By Martha Bayne
Two weeks ago an article started making the social media rounds in Cleveland and beyond — a Belt article, about the curious online text that marked the west-side gazebo where 12-year-old Tamir Rice was shot and killed in 2014.
“Community memorial for Tamir Rice, shot and killed by CPD officers who shot him in under 2s after breaking department policy regarding escalation of force,” reads the text, which is visible onscreen to players of Pokemon Go and its precursor in augmented-reality gaming, Ingress.
“Hey — I wrote that!” said a Clevelander named Jamie after a friend posted the story.
Jamie lives around the corner from the Cudell rec center where Rice was shot, and walks their dog by the park almost every day. (Jamie asked us not to use their last name, and prefers go by “they” when referred to by a pronoun.) For the last few years they’ve been an avid player of Ingress, and posted the descriptive text in Ingress shortly after Rice’s shooting.
[blocktext align=”right”]”I never thought I’d be making a political statement through Ingress, let alone through Pokemon Go.”[/blocktext]”I was just tired of walking by police memorials when I walked to the park,” Jamie says, pointing out that IRL there are two signs memorializing police officers nearby. Also, they said, “Ingress is played by a lot of cops — so every police station has a marker, and every cop bar.”

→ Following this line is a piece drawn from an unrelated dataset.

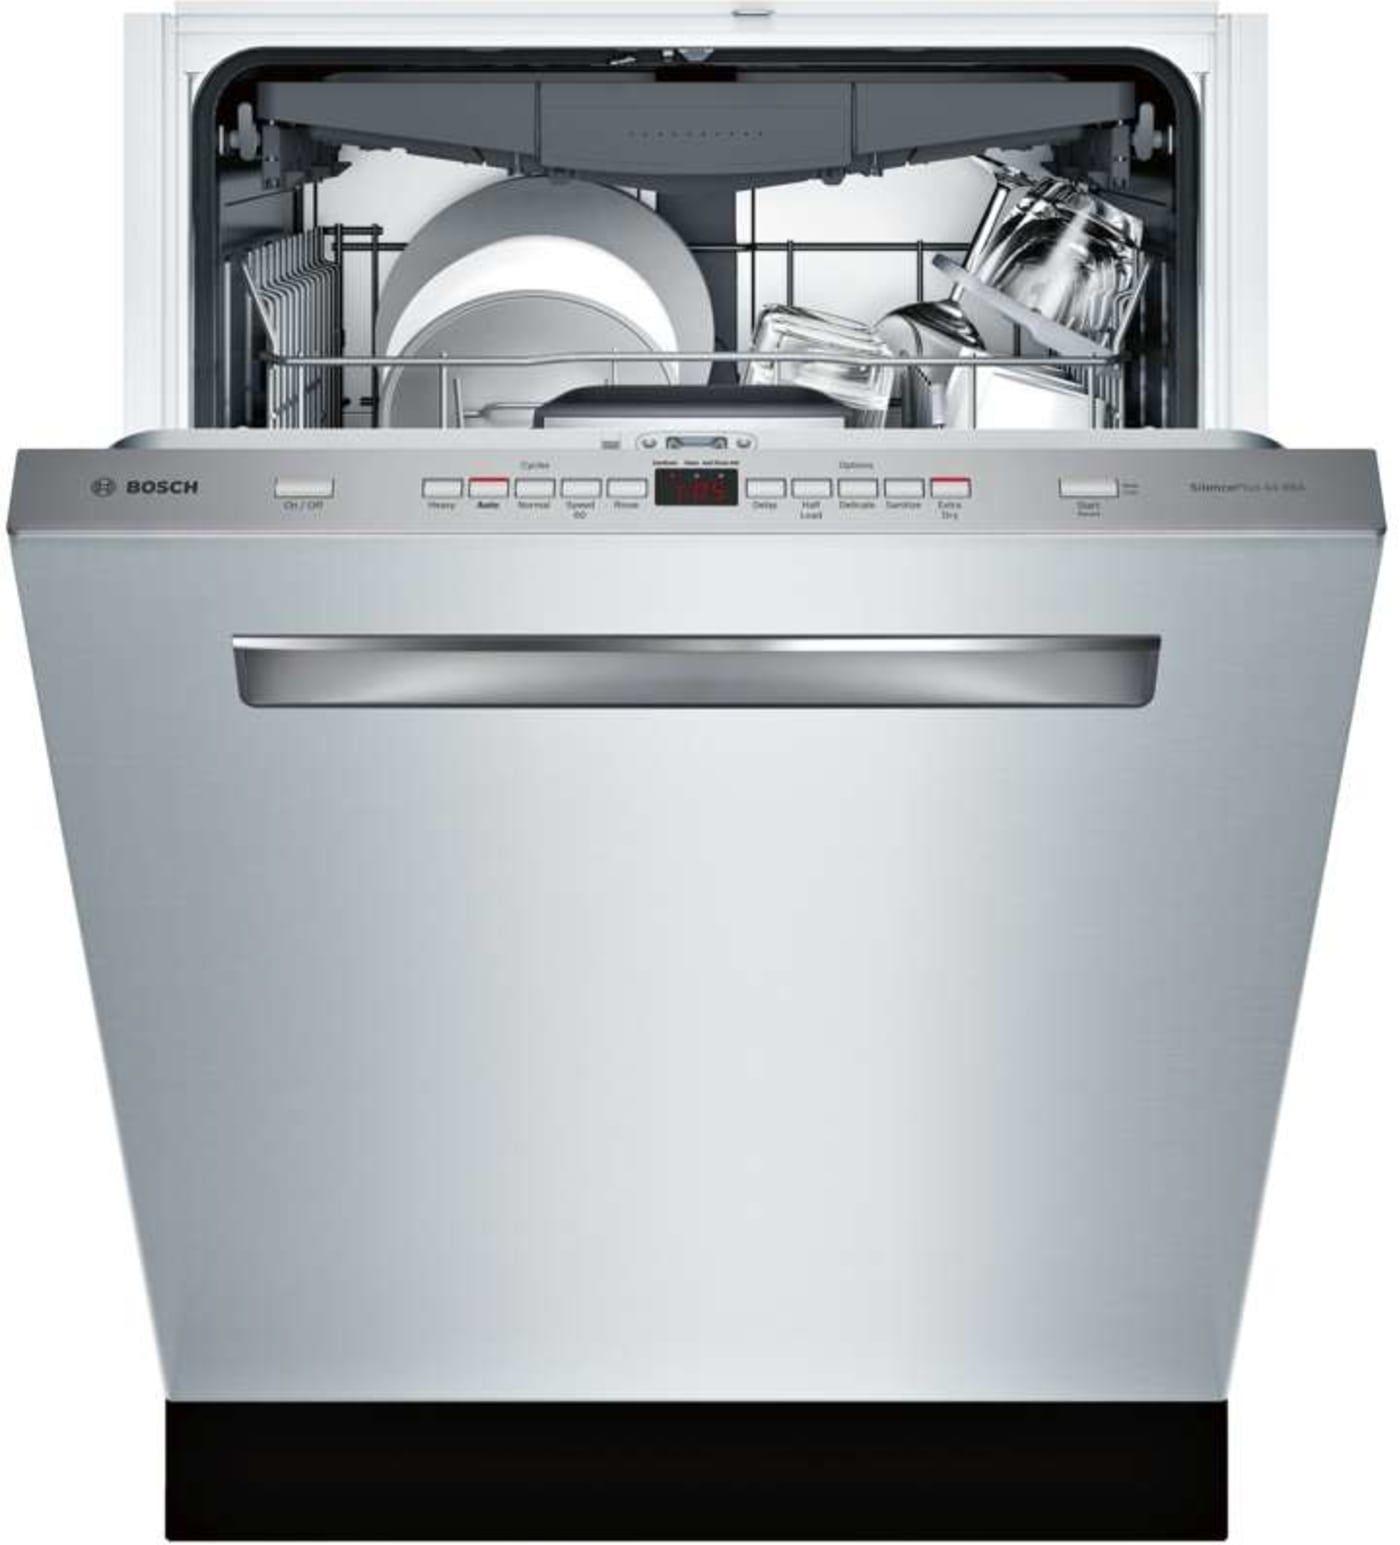 Bosch Shpm65w55n Hot Sellers In 2019 Built In Dishwasher

Another Ingress player had already created an online “marker” for the Cudell gazebo; Jamie just added the text.
“I never thought I’d be making a political statement through Ingress, let alone through Pokemon Go.”

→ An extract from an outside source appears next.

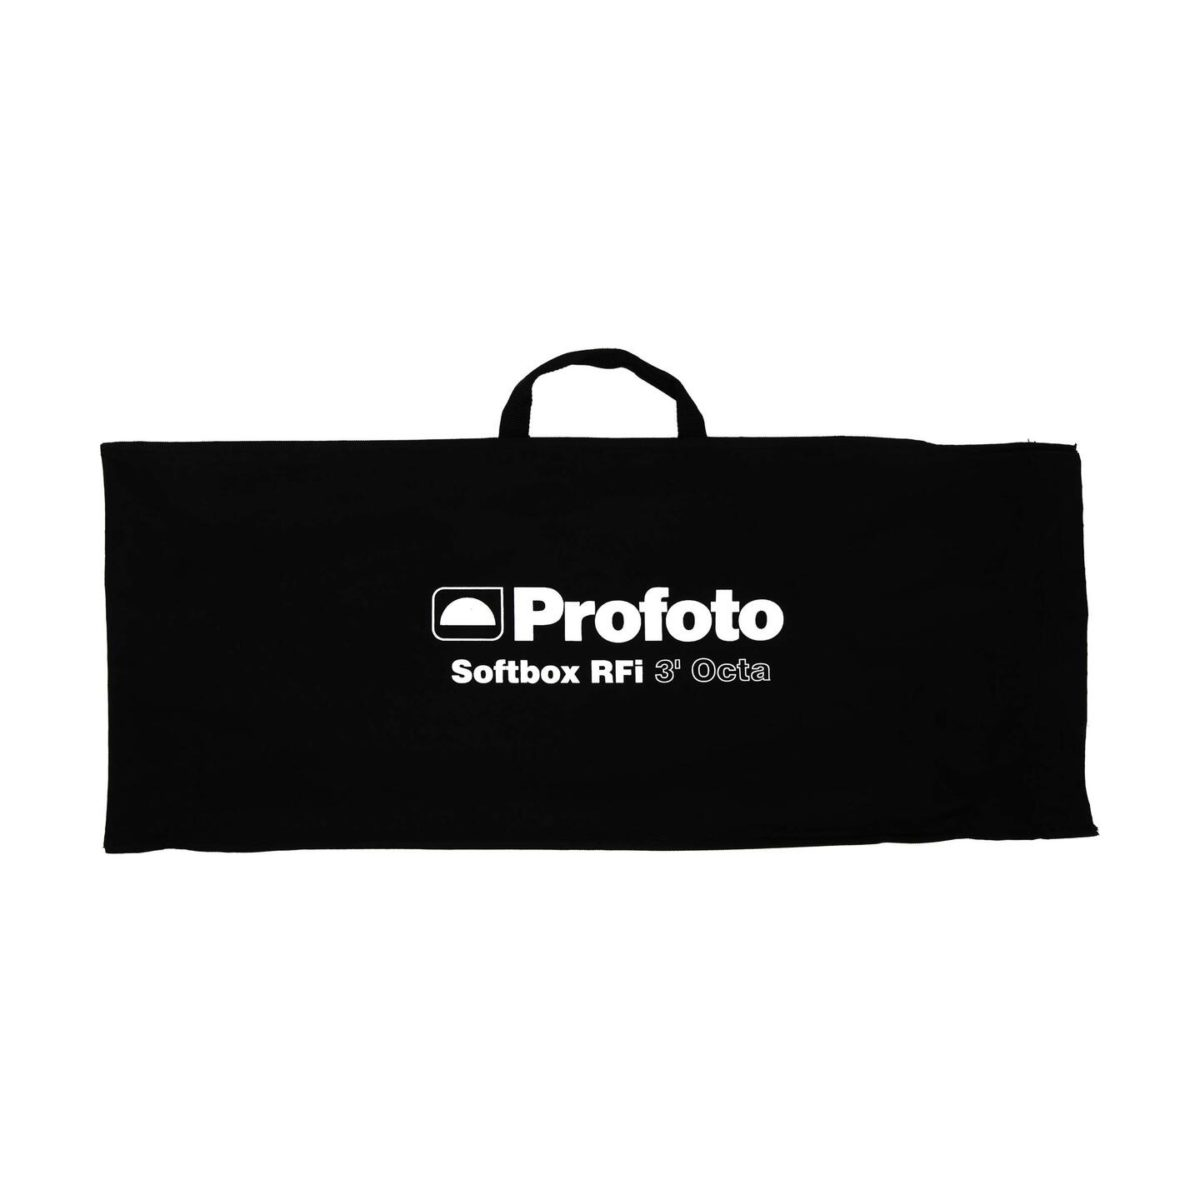 profoto_rfi_softbox_3_octa_05

Jamie, who works in tech support and programming, got involved in Cleveland activism through the Occupy movement in 2011 and was active in the community protests and organizing that followed Tamir’s death. They’re still frustrated and angry over the city’s inadequate response to the senseless killing of a 12-year-old boy.
“We’ve been under a Department of Justice investigation since Tamir was born, basically,” they points out. The March defeat of Cuyahoga County prosecutor Timothy McGinty, under fire for his handling of the investigation into Rice’s death, was a step in the right direction, but “we sort of hate-voted [Michael O’Malley] in. There’s still an accountability issue; the work isn’t done yet.”
The Ingress text, they says, is just one tiny way to push for that accountability, and stands in the tradition of other online memorials – like this one, created by Ingress uses following the June 12 massacre at Orlando’s Pulse nightclub.
Jamie thinks it’s fittingly ironic that Pokemon Go might bring attention to problems with policing in black neighborhoods, noting that the east side of Cleveland has far fewer Ingress “portals” than the west — a disparity they assumes is a product of the racial demographics of east and west. “I have considered on more than one occasion that playing Ingress involved going places and behaving in ways that would make it difficult for black people to play without significant police harassment …. So I’m glad that Pokemon Go got popular in a way that highlights that disparity.”
Still, says Jamie, there’s a ways to go. “I’ve downloaded Pokemon. I got to level seven, but I’m still not sure I understand how it works.”
Martha Bayne is editor-in-chief of Belt Magazine.
Thanks for finally writing about >A Little More on Pokemon Go and Tamir Rice – Belt Magazine <Loved it!